End-organ CMV disease has been reported in the lung, liver, GI tract, pancreas, kidney, sinuses, and CNS (596Zaknun D, Zangerle R, Kapelari K, et al. Concurrent ganciclovir and foscarnet treatment for cytomegalovirus encephalitis and retinitis in an infant with acquired immunodeficiency syndrome: case report and review. Pediatr Infect Dis J 1997;16:807-11., 597Mueller BU, MacKay K, Cheshire LB, et al. Cytomegalovirus ureteritis as a cause of renal failure in a child infected with the human immunodeficiency virus. Clin Infect Dis 1995;20:1040-3., 598Olivero MT, Nelson RP Jr, Andrews T, et al. Cytomegalovirus sinus disease in a human immunodeficiency virus-infected child. Pediatr Infect Dis J 1995;14:629-31., 599Marriage SC, Booy R, Hermione Lyall EG, et al. Cytomegalovirus myelitis in a child infected with human immunodeficiency virus type 1. Pediatr Infect Dis J 1996;15:549-51.). In children with extraocular CMV disease, predominantly nonspecific symptoms (e.g., fever, poor weight gain, and loss of developmental milestones with laboratory abnormalities of anemia, thrombocytopenia, and elevated lactic dehydrogenase) are initially observed, although the extent to which CMV or HIV infection themselves contribute to these findings is unclear (592Chandwani S, Kaul A, Bebenroth D, et al. Cytomegalovirus infection in human immunodeficiency virus type 1-infected children. Pediatr Infect Dis J 1996;15:310-4.). GI manifestations among HIV-infected children include CMV colitis (the most common GI manifestation), oral and esophageal ulcers, hepatic involvement, ascending cholangiopathy, or gastritis. Odynophagia is a common presentation of CMV esophagitis, whereas abdominal pain and hematochezia frequently occur with CMV colitis. Sigmoidoscopy in CMV colitis is nonspecific, demonstrating diffuse erythema, submucosal hemorrhage, and diffuse mucosal ulcerations. Esophageal or colonic ulcerations may cause perforation or hemorrhage. The role of CMV in pulmonary disease among HIV-infected children is difficult to assess because it often is isolated with other organisms (e.g., P. jirovecii). Histologic evidence of CMV disease is needed to determine whether active disease is present. CMV pneumonia is an interstitial process with gradual onset of shortness of breath and dry, nonproductive cough; auscultatory findings may be minimal.

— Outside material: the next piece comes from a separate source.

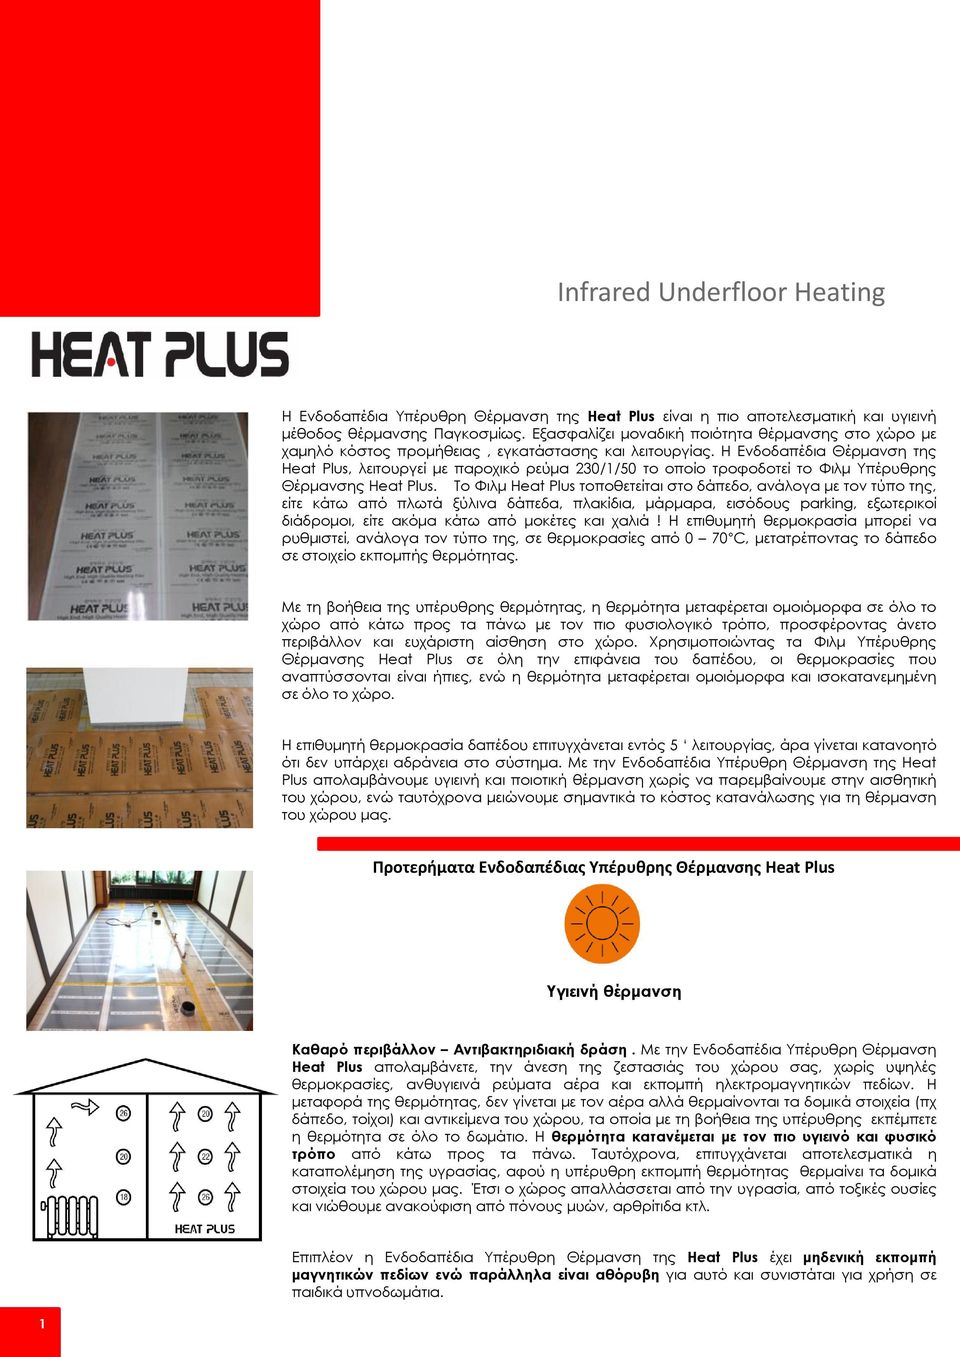 Η Ενδοδαπέδια Θέρμανση της Heat Plus, λειτουργεί με παροχικό ρεύμα 230/1/50 το οποίο τροφοδοτεί το Φιλμ Υπέρυθρης Θέρμανσης Heat Plus.

CNS manifestations of CMV include subacute encephalopathy, myelitis, and polyradiculopathy (primarily observed in adults but rarely reported in children). The subacute or chronic encephalopathy of CMV can be difficult to differentiate clinically from HIV dementia, with symptoms of confusion and disorientation attributable to cortical involvement. Focal signs can be attributed to lesions in the brainstem. CSF findings are nonspecific and might indicate a polymorphonuclear predominance (>50% of patients), elevated protein (75%), and low glucose (30%). However, up to 20% of children with CMV CNS involvement have completely normal CSF indices. CMV also can cause a rapidly progressive, often fatal, CNS disease with defects in cranial nerves, nystagmus, and increasing ventricular size (600Kalayjian RC, Cohen ML BR, Flanigan TP. Cytomegalovirus ventriculoencephalitis in AIDS. A syndrome with distinct clinical and pathologic features. Medicine (Baltimore) 1993;72:67-77.).

Diagnosis

CMV infection (versus disease) can be difficult to differentiate in HIV-infected children. Because of transplacental transfer of antibody from mother to child, a positive CMV antibody assay in an infant aged <12 months can indicate maternal infection but not necessarily infection of the infant. In an infant aged >12 months, a positive CMV antibody assay indicates previous infection with CMV but not necessarily active disease.In children of any age, a positive CMV culture or PCR indicates infection but not necessarily disease.

CMV can be isolated in cell culture from peripheral blood leukocytes, body fluids (e.g., urine), or tissues. Using centrifugation- assisted shell vial culture amplification techniques, CMV can be detected within 16-40 hours of culture inoculation. A positive blood buffy-coat culture establishes CMV infection and increases the likelihood that disease or symptoms were caused by CMV because children with positive blood cultures are at higher risk for end-organ disease.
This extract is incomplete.